Понимаю его: обидно, когда одному всё, а другому ничего, но мы вообще так не договаривались, и стоит открутить наши отношения на десять минут обратно.
— В смысле? — Медленно отходит от меня Дубовский, прекрасно понимая, что я уже пришла в себя и самого главного продолжения у нас с ним не будет. — Что это было? Да вон блин у меня сгорел, Ксюшенька.
— Я не об этом, а о другом, — смущаясь, поправляю ночнушку.
— О чём о другом? — явно прикалывается надо мной Дубовский.
— Ну о том другом, что было, когда мы поздоровались.
— Ах об этом? — хитро смотрит на меня искоса Максим. — Это… Ну я в детстве на фортепьяно занимался, потом, правда, на гитару перешёл, но руки-то помнят.
И моё лицо вспыхивает ещё ярче, буквально покрываясь малиновыми пятнами. А Максим, увлёкшись блинами, продолжает свое фантастическое пение, от которого мурашки на моей спине снова становятся на низкий старт.

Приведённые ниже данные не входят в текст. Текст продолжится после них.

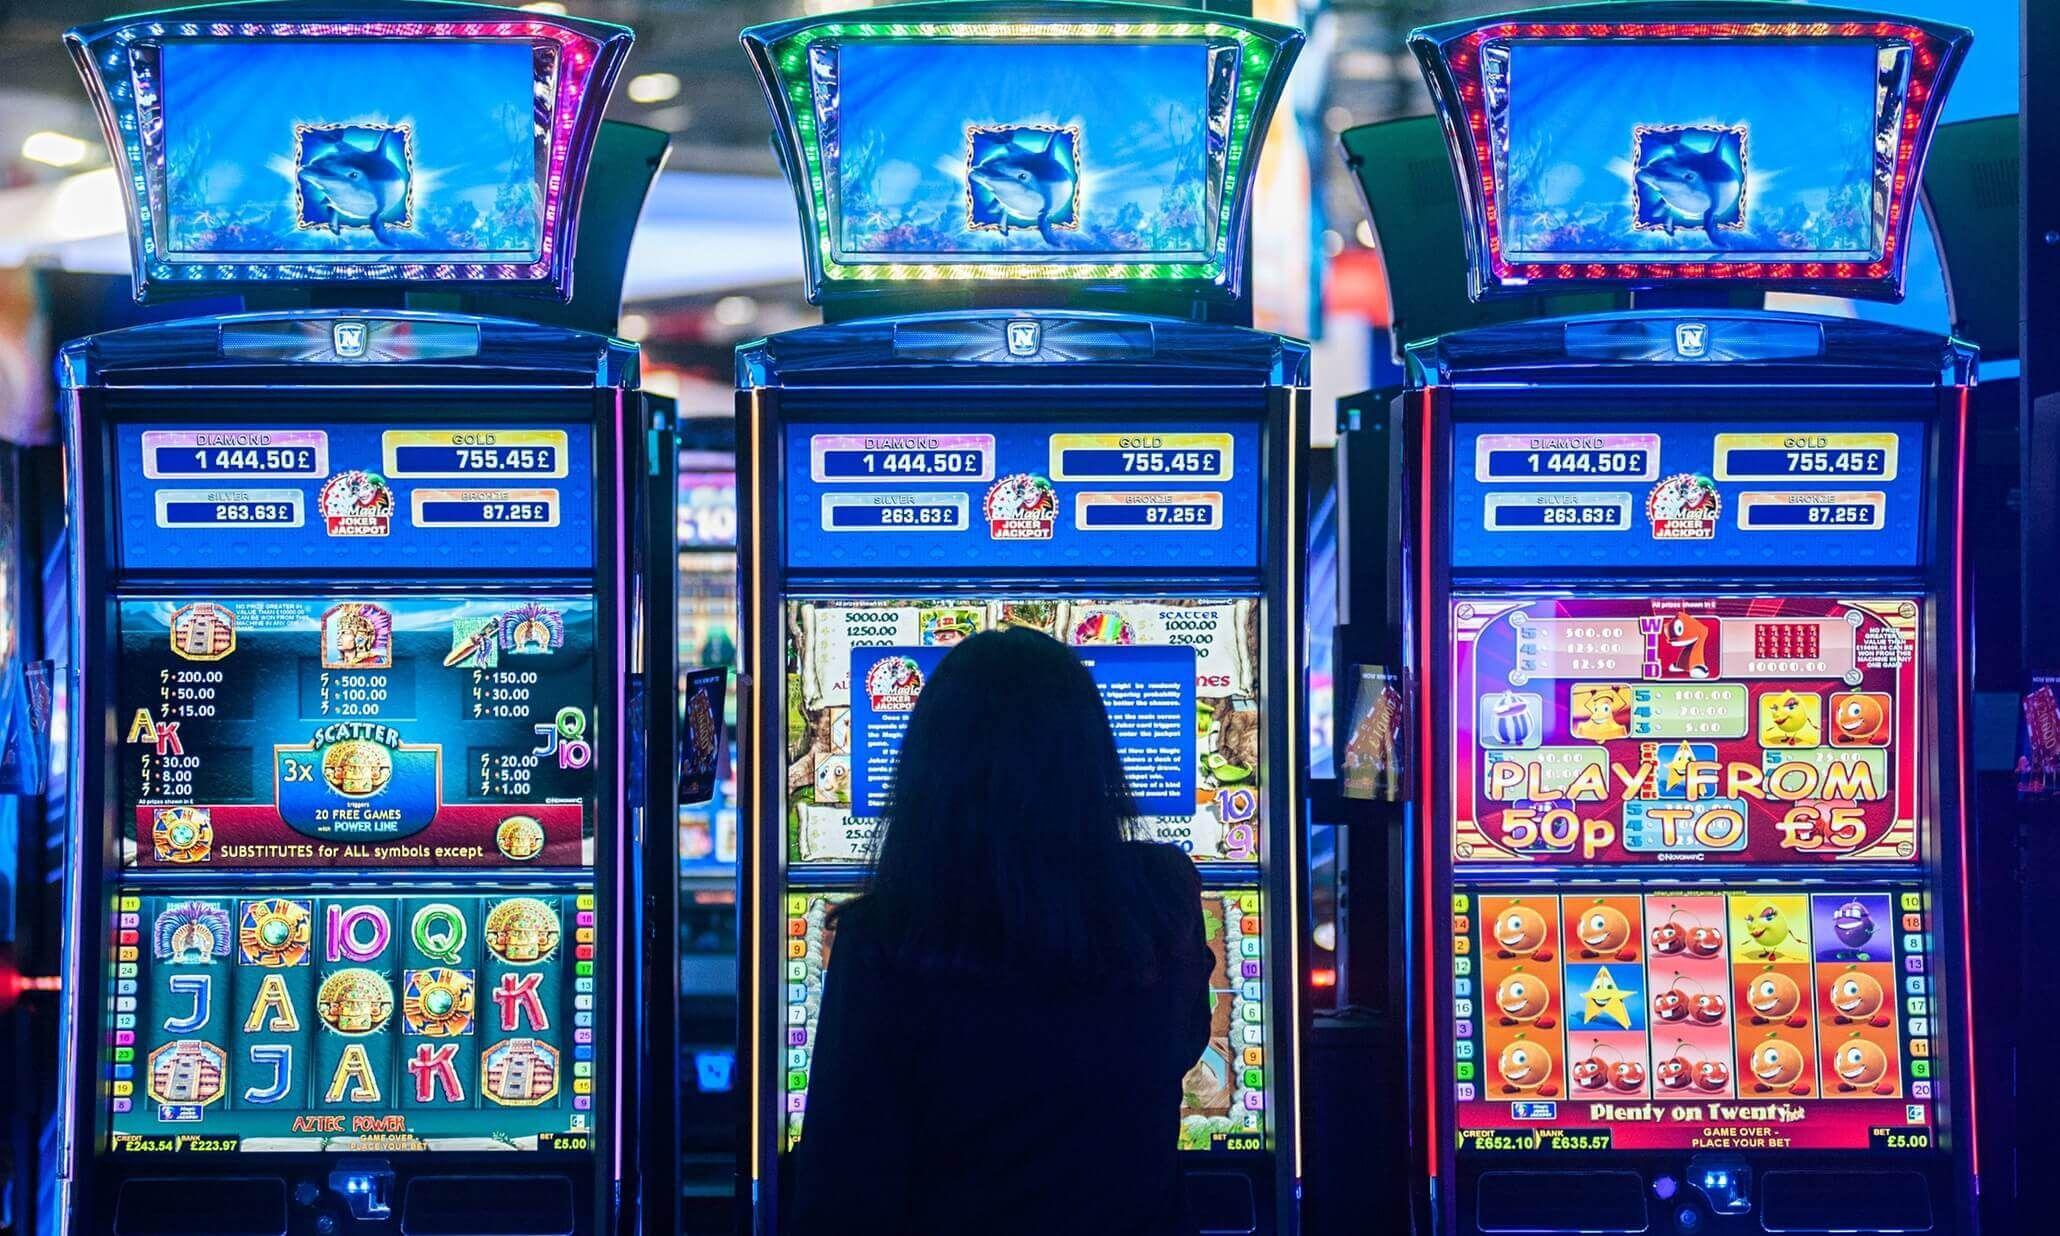 Flash игровые автоматы скачать бухгалтерия казино кристалл

И чтобы не наделать ещё больше глупостей, я убегаю в ванную, прихватив одежду, дабы перестать разгуливать полуголой по дому.
Можно было выбрать привычные шорты или майку, но я отчего-то надеваю ситцевый сарафан, который, по словам моего младшего помощника, мне очень идёт.

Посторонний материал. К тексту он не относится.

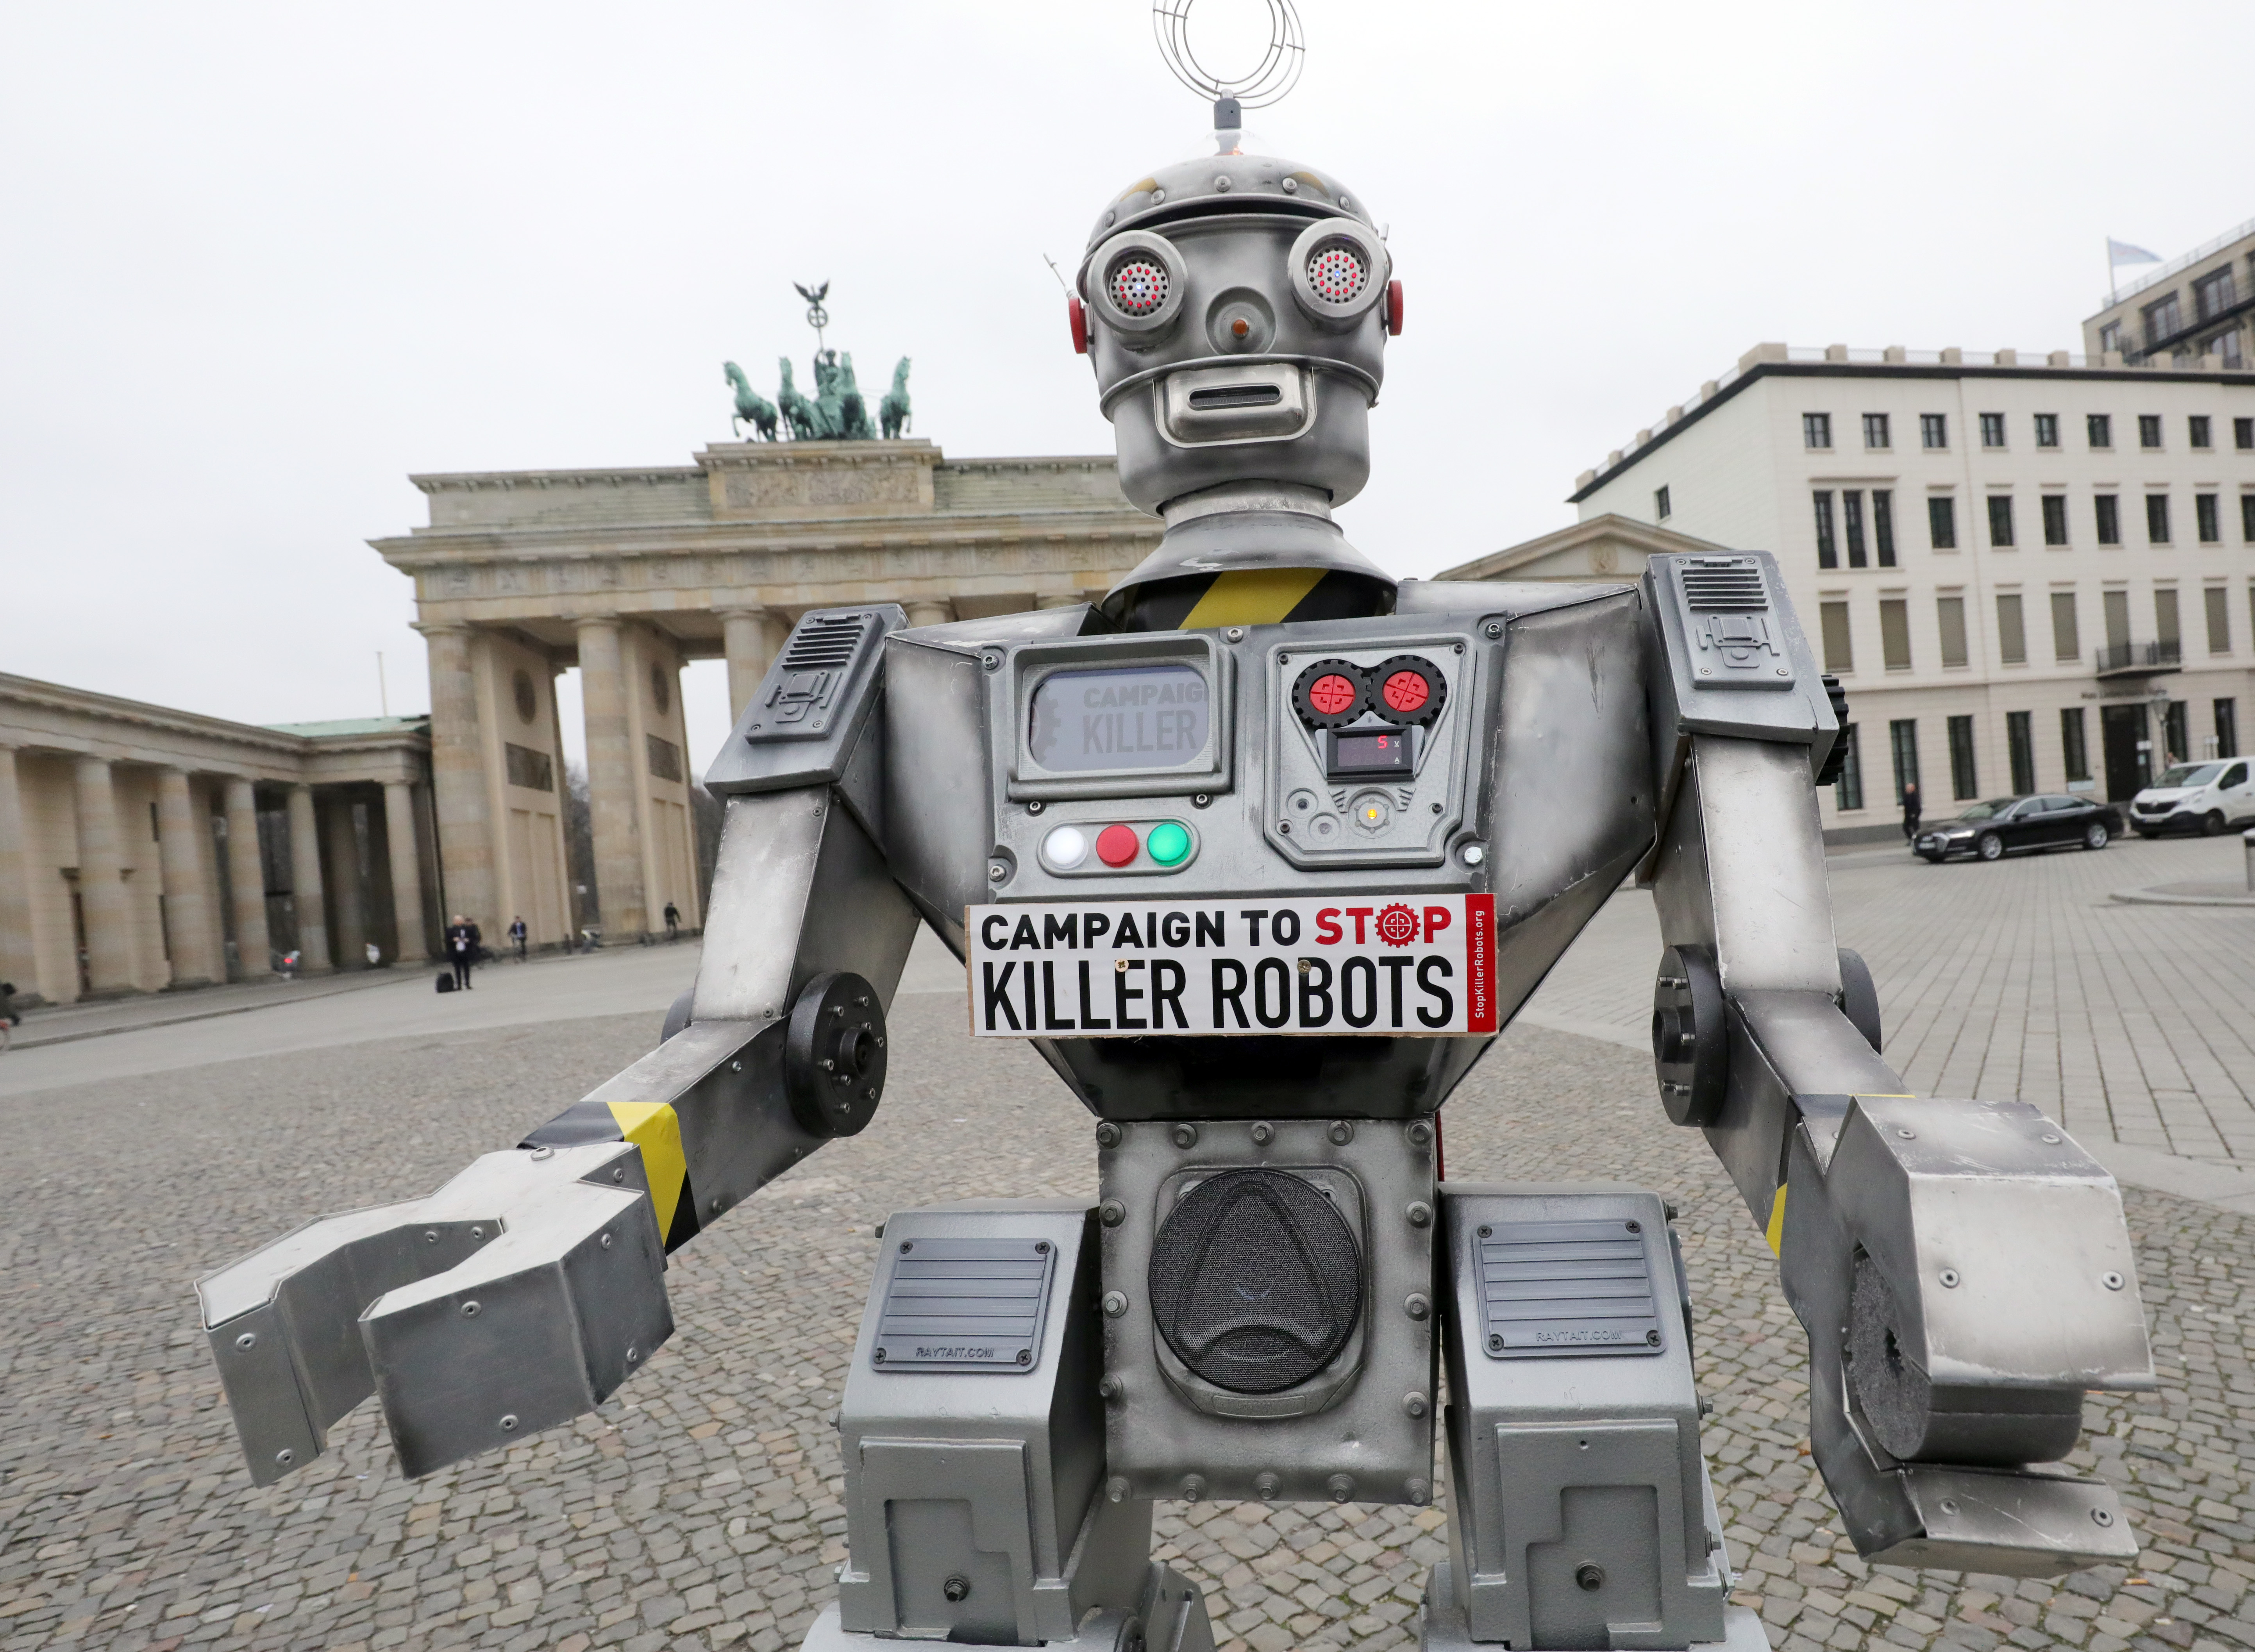 A nyugat-európaiak tartanak a robotoktól, de a negyedük így is inkább rájuk bízná a kormányzást

Вернувшись в кухню, опять смущаюсь, потому Максим смотрит на меня как Скрудж Макдак на гору золота. От неловкости, которая захватывает меня в плен, жжёт кончики пальцев, я мечусь к выходу, якобы для того чтобы позвать детей, а в итоге Максим насильно усаживает меня на стул, кладёт блин передо мной на тарелку и идёт за моими дочерьми сам.
И в этот момент в калитку моего дома кто-то отчаянно долбит кулаком. Пугаюсь, переглядываясь с Дубовским. Но он привычно спокоен и даже не собирается нервничать.
— Сиди. Я разберусь, — шикарная фраза от мужчины, которую, мечтает услышать каждая вторая женщина.
А может, и первая.
Вначале выглядываю в окно кухни, чтобы найти взглядом девочек, и, убедившись, что с ними всё хорошо, быстро сменив дислокацию, приклеиваюсь к окну спальни, откуда отлично просматривается забор. Снаружи никого не видно. Максим открывает мою скрипучую калитку, за которой стоит огромный чёрный чемодан. Я даже на носочки привстаю, чтобы рассмотреть, кто же его привёз. Но там никого. Тот, кто стучал, давно исчез, и чемодан словно возник из воздуха. Ну Дубовский, ну Копперфильд на минималках. Не замечаю, что уже сжевала целый блин. Он, кстати, обалденный. Михайловна позавидует.